Step Four (whenever you want to upgrade the installation of helm charts):

This command is required to upgrade the helm chart installation on your cluster, which will also help consume the latest releases of service components like Health Monitoring Agent.

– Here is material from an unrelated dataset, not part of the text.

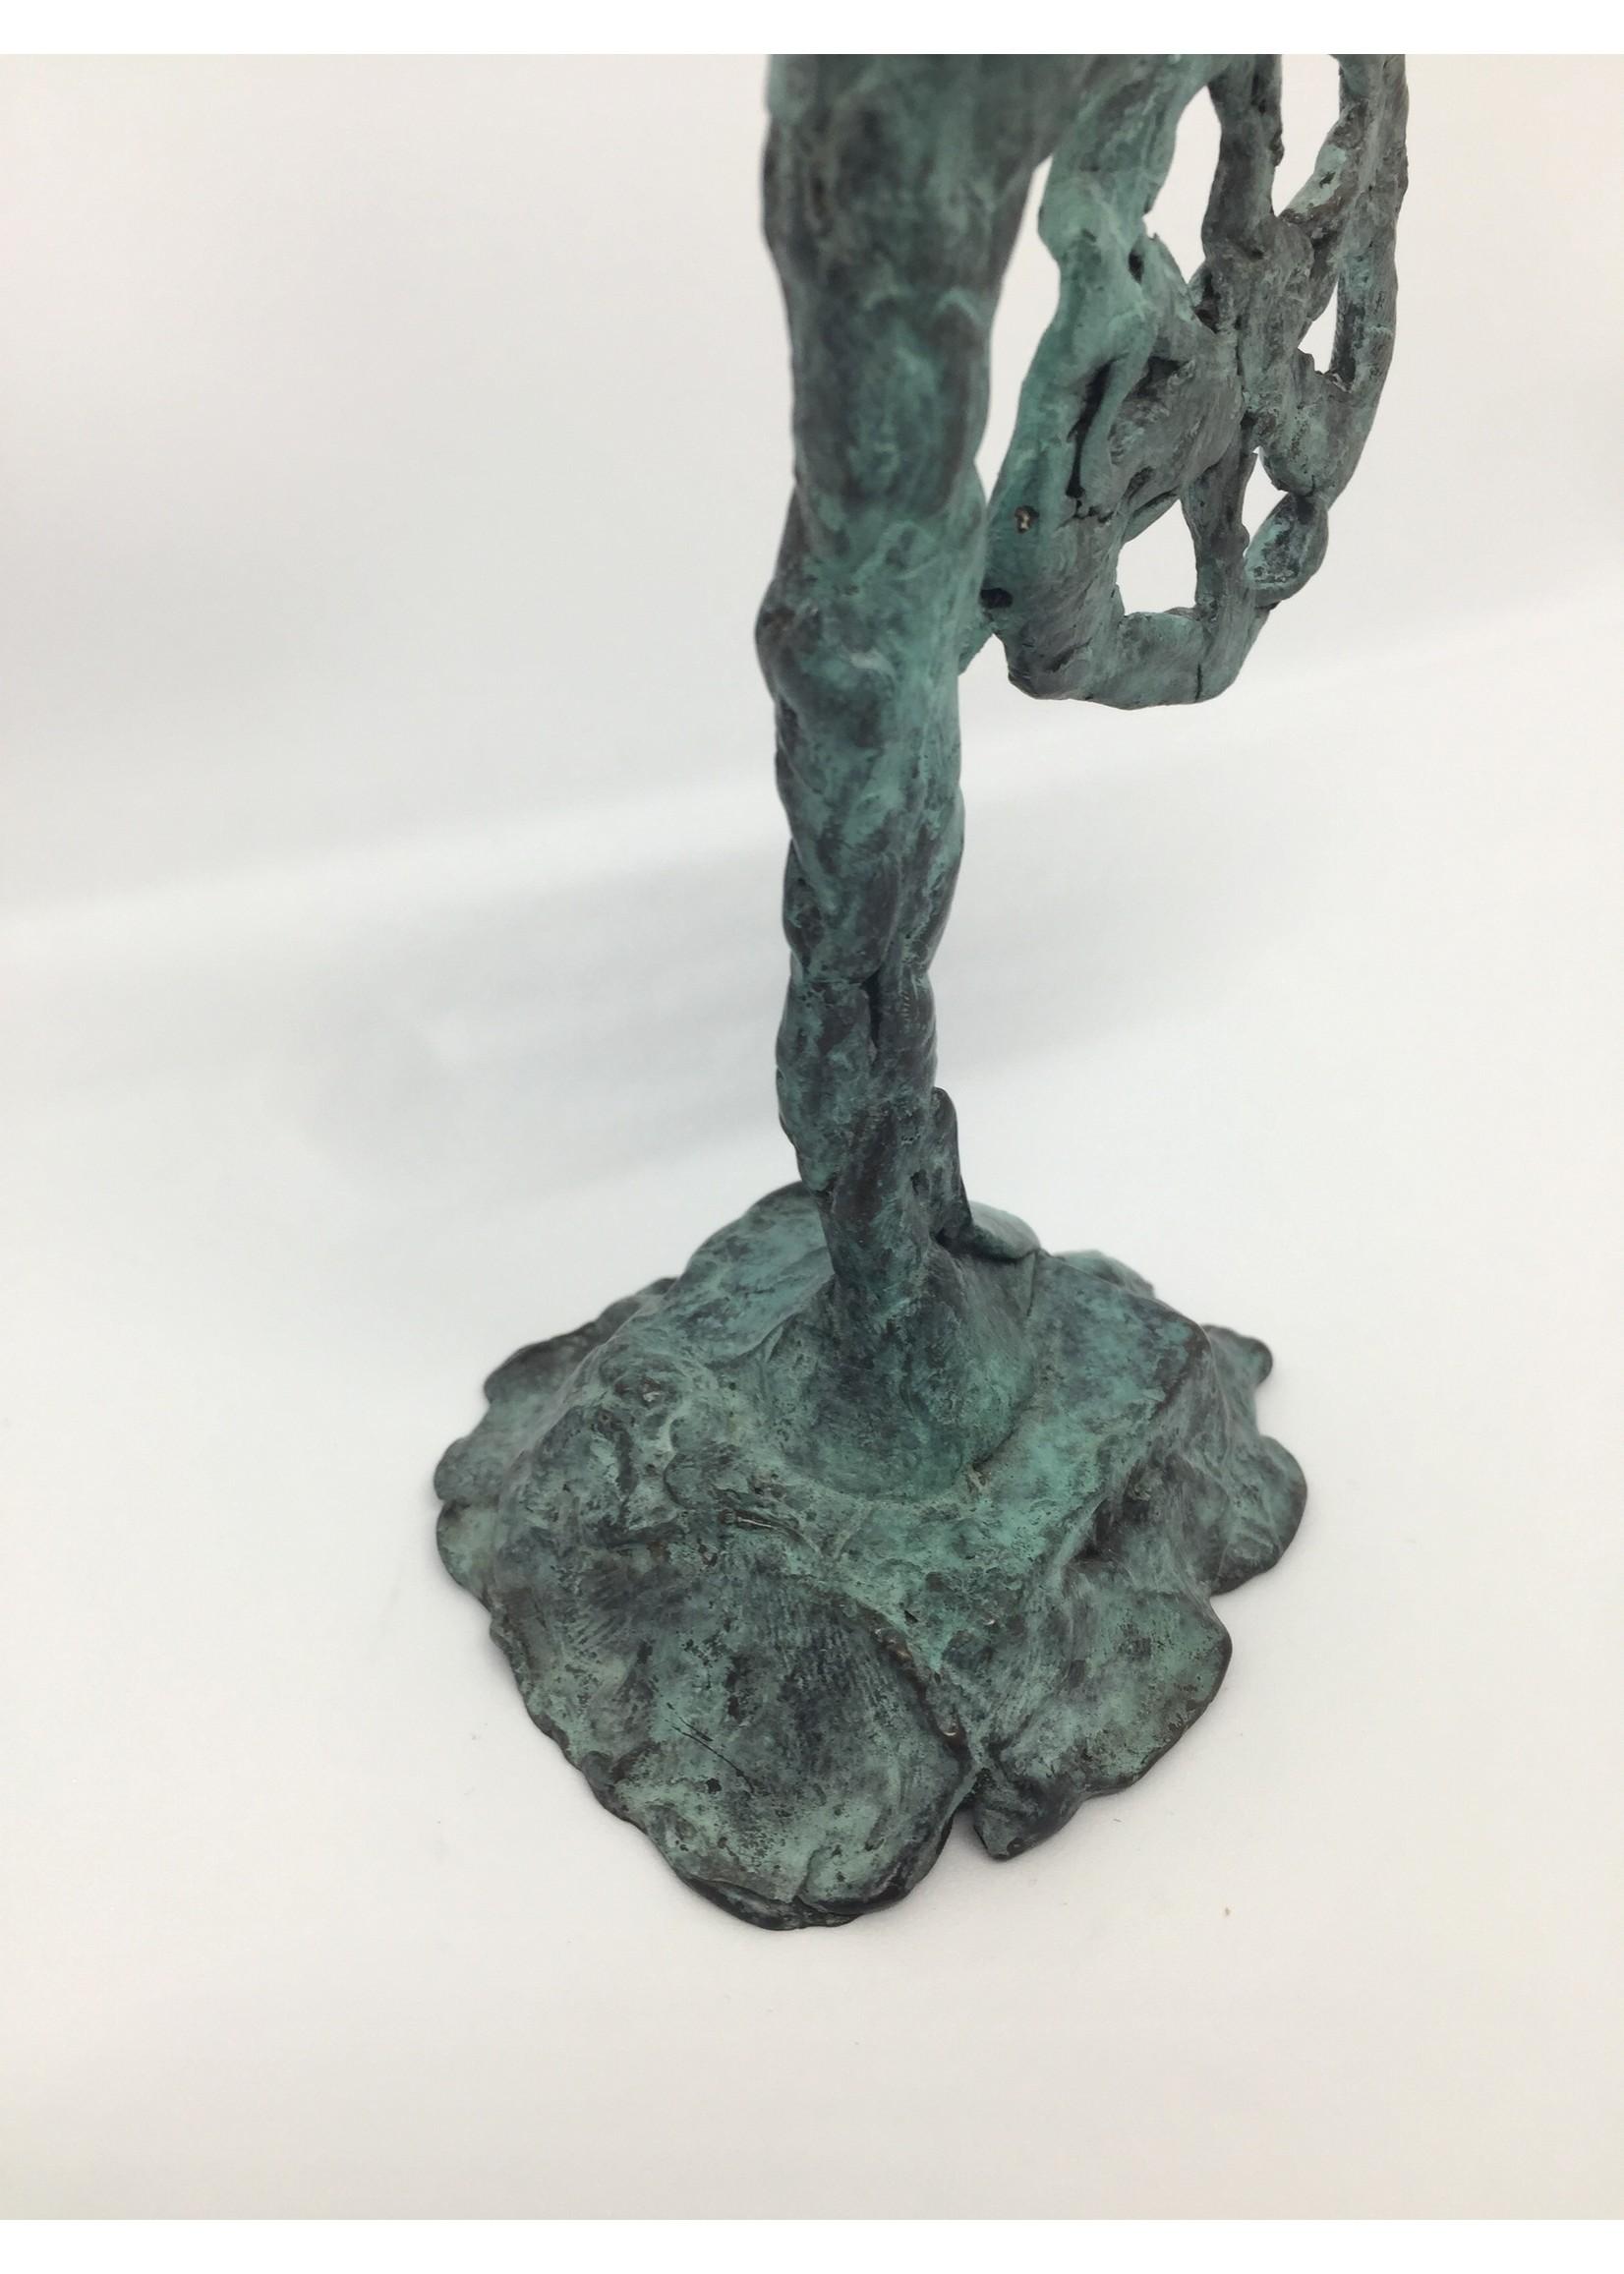 'Die Reise' - Denise Kamp (Bronze)

helm upgrade dependencies helm_chart/HyperPodHelmChart --namespace kube-system

To install the sub-chart separately that only contains roles and role bindings

helm install dependencies helm_chart/HyperPodHelmChart/charts/team-role-and-bindings --set computeQuotaTarget.targetId=<target_id>

6. Notes

Training job auto resume is expected to work with Kubeflow training operator release v1.7.0, v1.8.0, v1.8.1 https://github.com/kubeflow/training-operator/releases
The Health Monitoring Agent now automatically selects the correct container image URI based on your AWS region. The Helm chart intelligently detects the region from your Kubernetes cluster context.
Intelligent Region Detection: The chart automatically detects your AWS region using multiple methods:
1. Explicit region setting (highest priority): --set health-monitoring-agent.region=us-east-1
2. Global region setting: --set global.region=us-east-1
3. Kubernetes cluster context detection: Automatically extracts region from:
  - EKS API server URL patterns
  - Node topology labels (topology.kubernetes.io/region)
  - AWS provider IDs in node specifications
  - Legacy region labels (failure-domain.beta.kubernetes.io/region)
4. Default fallback region: us-east-1

Manual Region Override: If needed, you can still specify a region manually:

helm install dependencies helm_chart/HyperPodHelmChart --namespace kube-system --set health-monitoring-agent.region=us-west-2

Debug Mode: Enabled by default, to troubleshoot region detection and image selection:

# Disable debug mode during installation
helm install dependencies helm_chart/HyperPodHelmChart --namespace kube-system --set health-monitoring-agent.debug=false

# Or upgrade existing installation with debug disabled
helm upgrade dependencies helm_chart/HyperPodHelmChart --namespace kube-system --set health-monitoring-agent.debug=false

Viewing Debug Information: When debug mode is enabled, detailed information is stored in a ConfigMap:

# View debug information (clean output)
kubectl get configmap health-monitoring-agent-debug -n aws-hyperpod -o jsonpath='{.data.debug-info\.txt}'

# View full ConfigMap details
kubectl get configmap health-monitoring-agent-debug -n aws-hyperpod -o yaml

Debug Information Includes:
- Image tag selection process (component-specific settings)
- Region detection methods attempted (EKS API server URL, node labels)
- Number of nodes found and labels checked
- Final region determination and account ID mapping
- Generated image URI
- Timestamp of debug information generation

Custom Image Override: For advanced use cases, you can still override the image URI completely:

helm install dependencies helm_chart/HyperPodHelmChart --namespace kube-system --set health-monitoring-agent.hmaimage=""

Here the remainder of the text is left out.